Not sure of the exact diameter? Our pot size calculator takes the current pot and root spread and tells you the right next size — it deliberately recommends a single step up, never a big jump.
The best time of year to repot rudbeckia 'pot of gold'
Pot rudbeckia 'pot of gold' on through the active growing season, whenever roots fill the current container — there is no single date, just "before it becomes root-bound". Avoid potting on during a cold snap.
Step-by-step: repotting rudbeckia 'pot of gold'
- Pot on before it is root-bound. Check rudbeckia 'pot of gold' regularly; move it up as soon as roots reach the edge of the cell or pot, not after they have circled.
- Step up one or two sizes. Choose the next container up — not a giant one. Cold, wet, unused soil around a small root system stalls seedlings.
- Knock it out gently. Support the stem, tip the pot, and ease the rootball out without breaking it. A little teasing of circled roots at the base is fine.
- Pot into rich mix. Set it into fresh average to moderately fertile, well-drained soil at the same depth (tomatoes are the exception — they can go deeper to root along the stem).
- Water in and grow on. Water well, keep it in good light, and resume feeding once it is established and growing again.
Aftercare
Water rudbeckia 'pot of gold' in well and keep it in bright light; a freshly potted-on seedling can wilt for a day while roots settle, so do not overcompensate by drowning it.
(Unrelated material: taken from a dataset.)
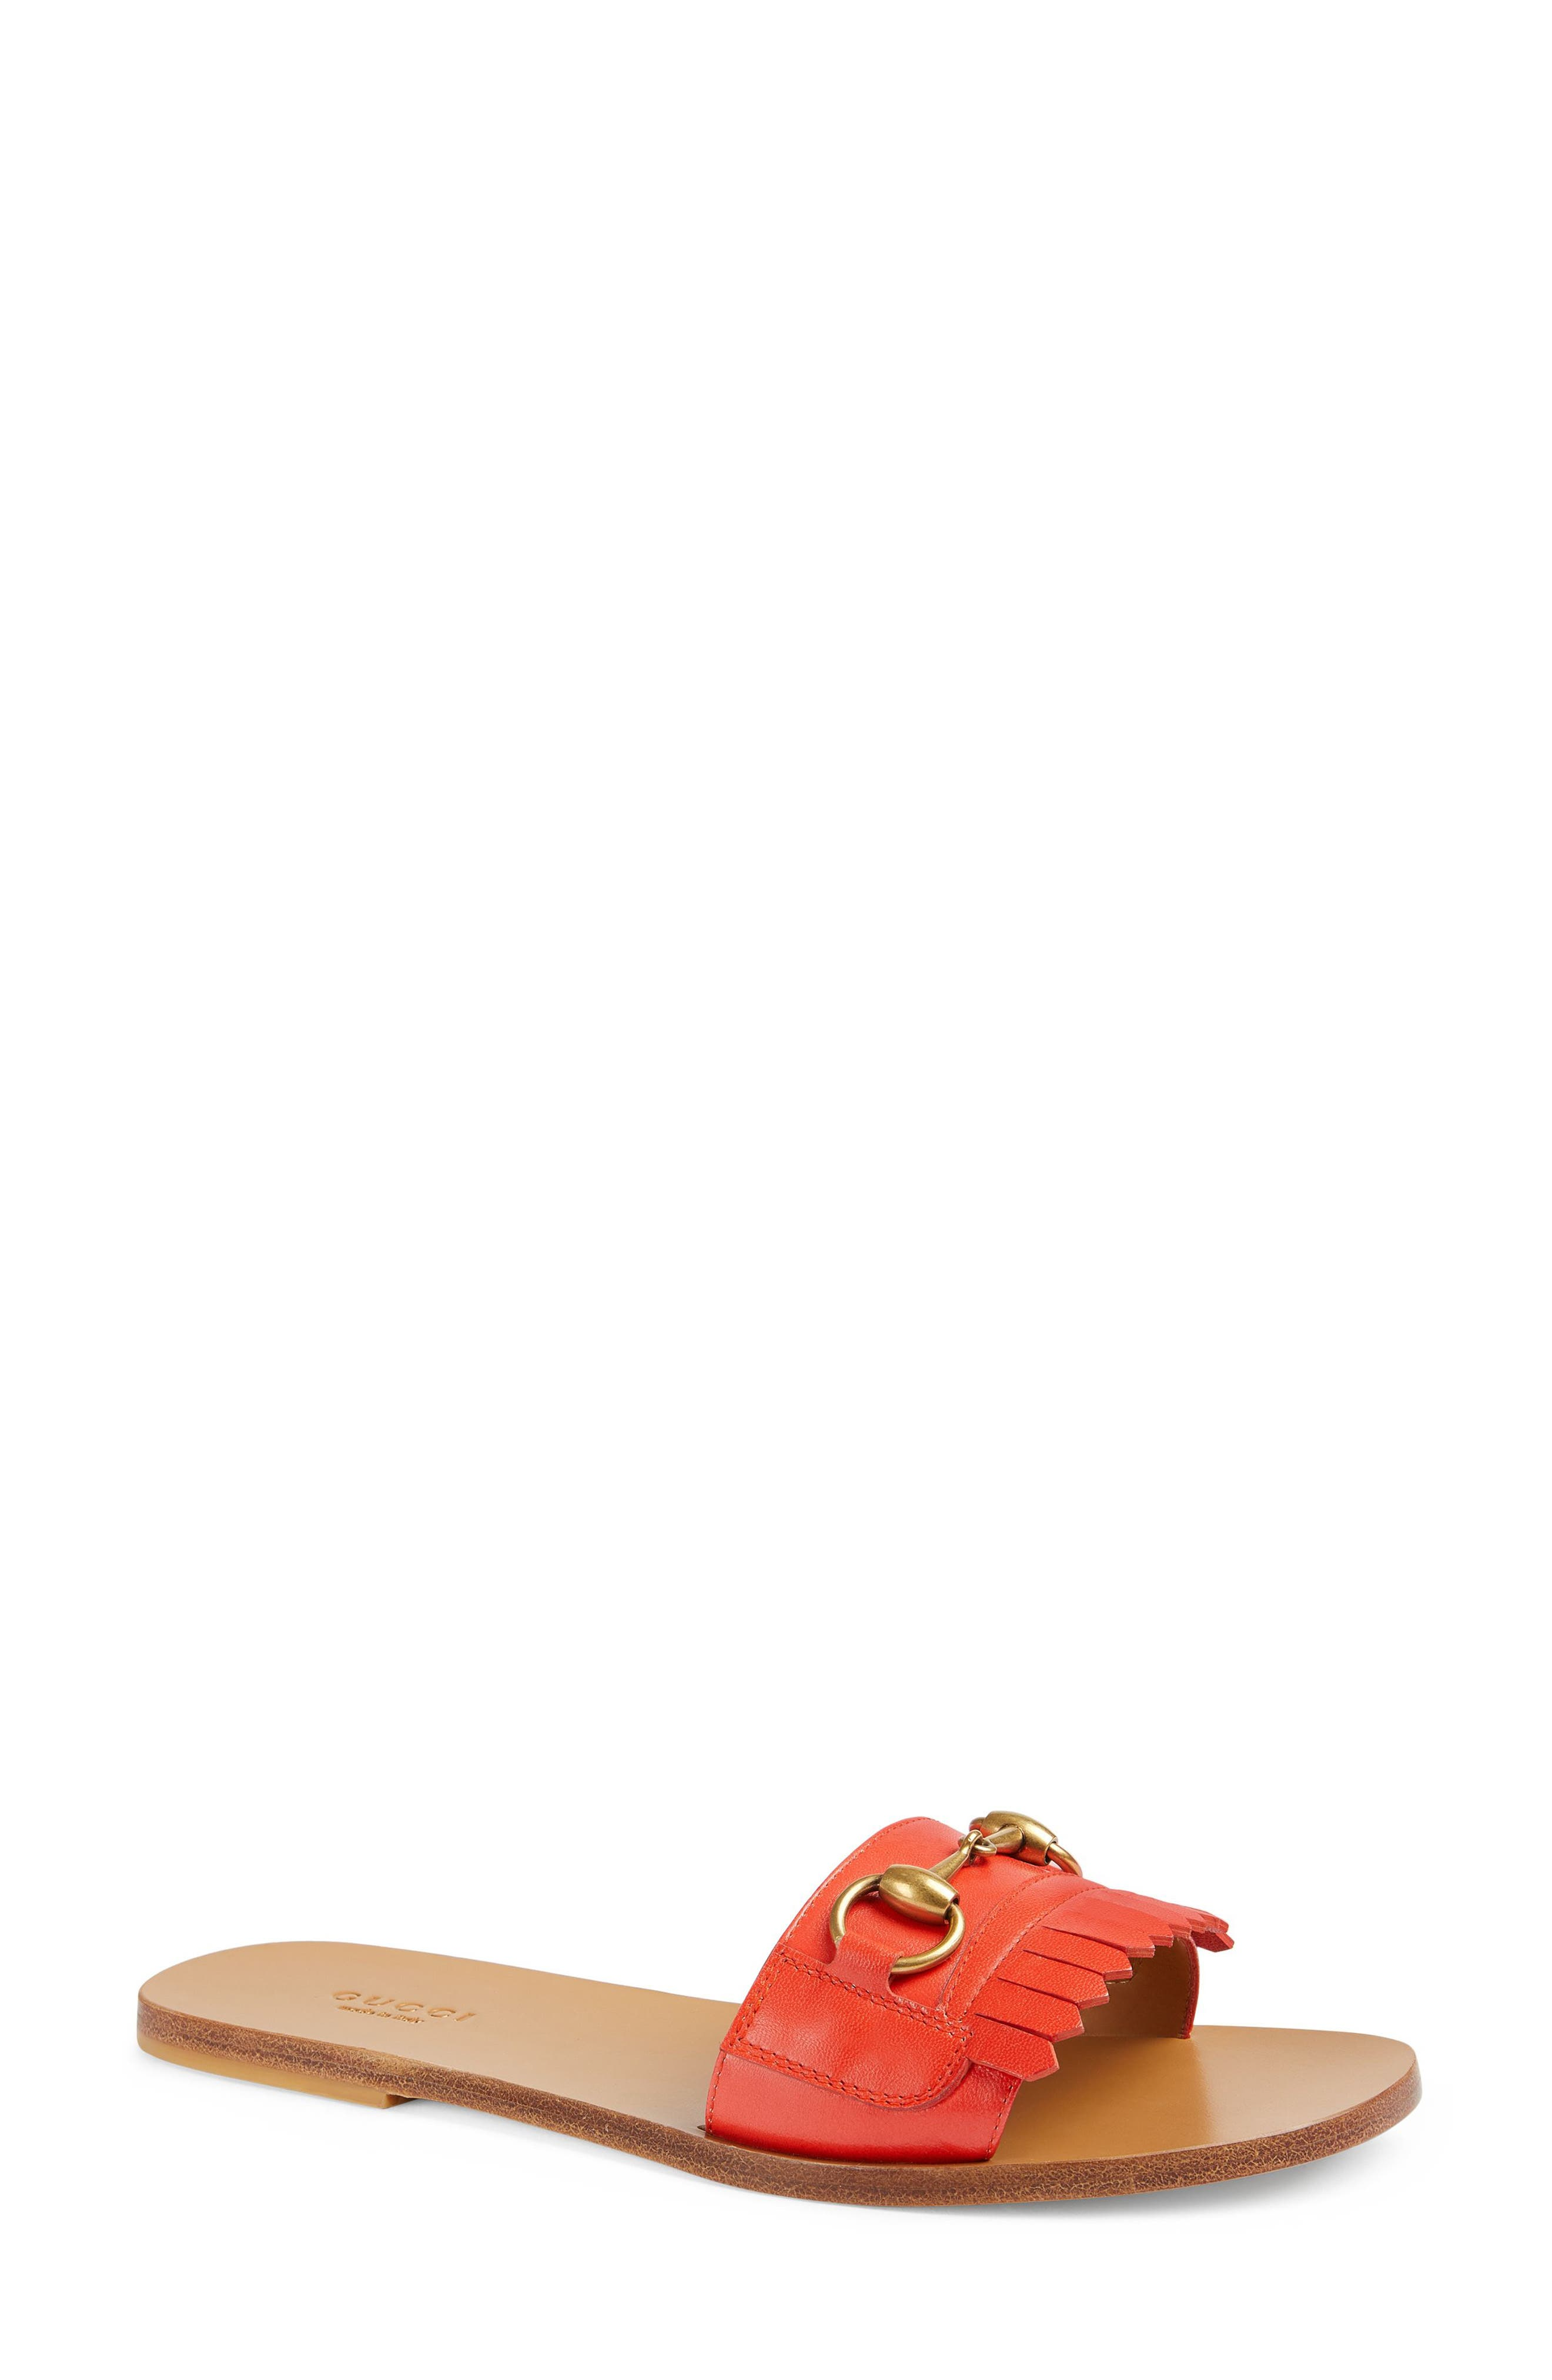 Varadero Slide Sandal,                             Main thumbnail 1, color,                             Orange
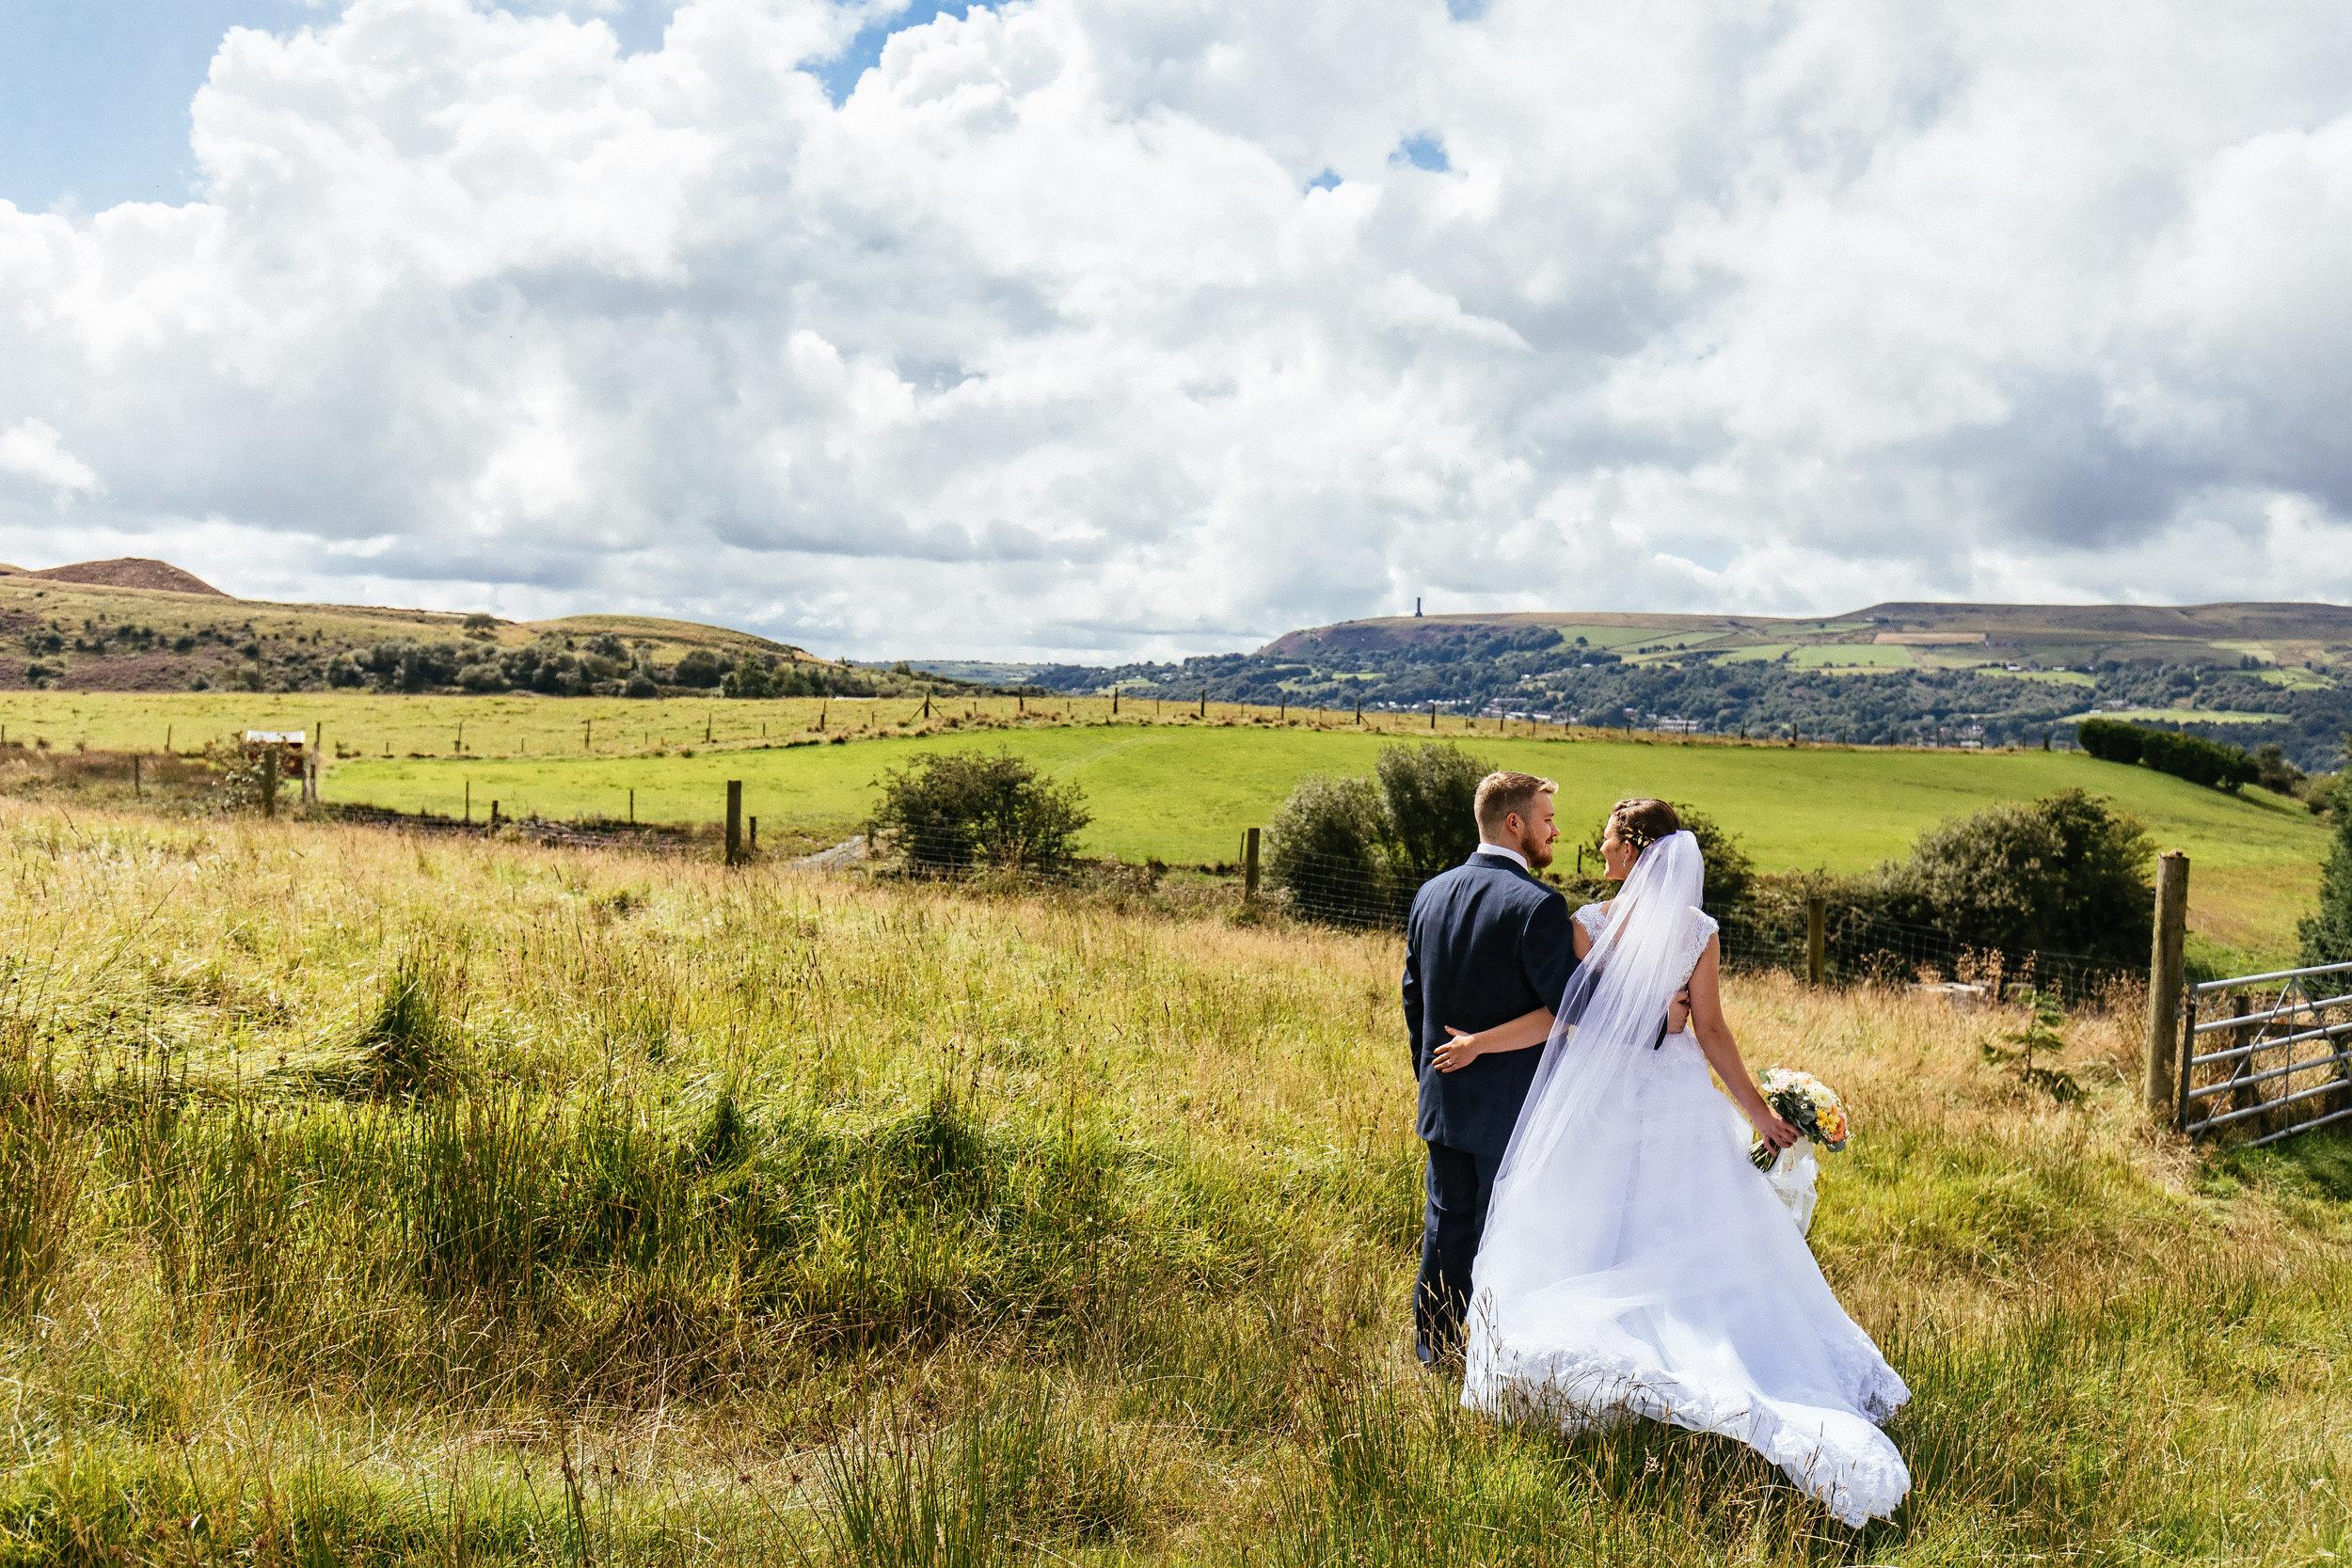 Kathryn-and-Mike-Wedding-Highlights-66.jpg

Do not fertilise for about 1 week — fresh mix already carries nutrients and feeding freshly disturbed roots scorches them.
The right soil mix for rudbeckia 'pot of gold'
Rudbeckia 'Pot of Gold' wants average to moderately fertile, well-drained soil. Tolerates a wide range of soils including clay and sandy loam. A pH of 6.0-7.5 is fine. Very rich, fertile soil promotes leafy growth at the expense of flowers — lean soil is actually preferred. Always use fresh mix when you repot — reusing old, broken-down soil reintroduces the compaction and poor drainage you are repotting to fix.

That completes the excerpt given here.